Выбрать главу

Либеральное литературное пространство — это пространство без веры. С первых перестроечных лет, месяцев и дней велась активная битва против народа-совка, народа-урода, народа-тупицы. И она продолжается.

Действительно, «до чего народ ленивый… Прищепок не заведут…

— Английскую булавку! — с укором подбежал Лев Львович. — Я всегда говорил: английскую булавку! Прекрасное, цивилизованное изобретение». Это цитата из «Кыси» Т. Толстой (беседа диссидента и «бывшего»), до степени «изящности литературного изделия» которой мне нет никакого дела просто потому, что о народе-придурке и стране дебилов мне читать скучно.
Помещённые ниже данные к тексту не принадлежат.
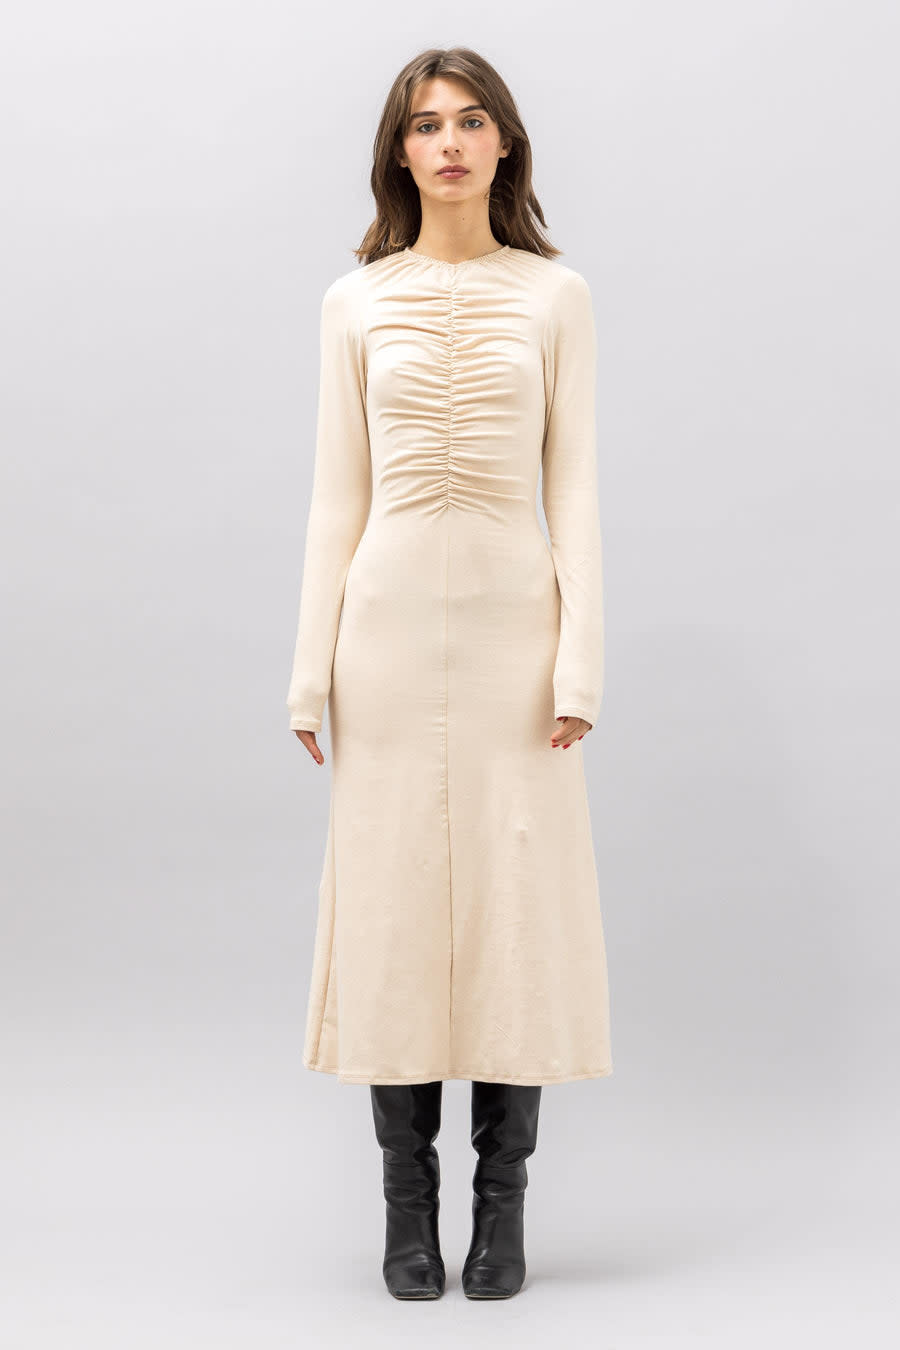 The “Totty Dress” from Toit Volant.

Либеральное литературное пространство — безыдеально. Ни народная жизнь, которая вопреки всем ненавидящим ее есть, ни вера, давно уже иронически выброшенная в корзину как «бывшая святыня», ни величие русской классики, с неистощимым цинизмом «опускаемой» до незначительной величины, никогда не питали в это десятилетие либеральную литературу. Либерал живет в «своем кругу», имеющем выход в сторону не православного Востока, но атеистического и интеллектуально-изощренного (до истощения, распыла в частностях) Запада. Книга А.Немзера о прозе 90-х — отменная иллюстрация эстетического кастрата, где все произведения и их авторы подвергнуты одной и той же неприятной процедуре с применением западного операционного инструментария.

Все эти десять лет либеральная литература, приняв гигиенический (с «английской булавкой») «европейский» вид, убивала любовь. Убивала любовь к своей стране («они, совки, нам угрожают» — многолетний пафос этой литературы), описывая ее как тоталитарного монстра. Так стоило ли что-то делать для «этой страны», объявленной «историческим недоразумением»? Впрочем, свободолюбцам-критикам жить было легко, так как они давно «отдали свое сердце» культурному Западу, продвинутому Соросу и американскому университету.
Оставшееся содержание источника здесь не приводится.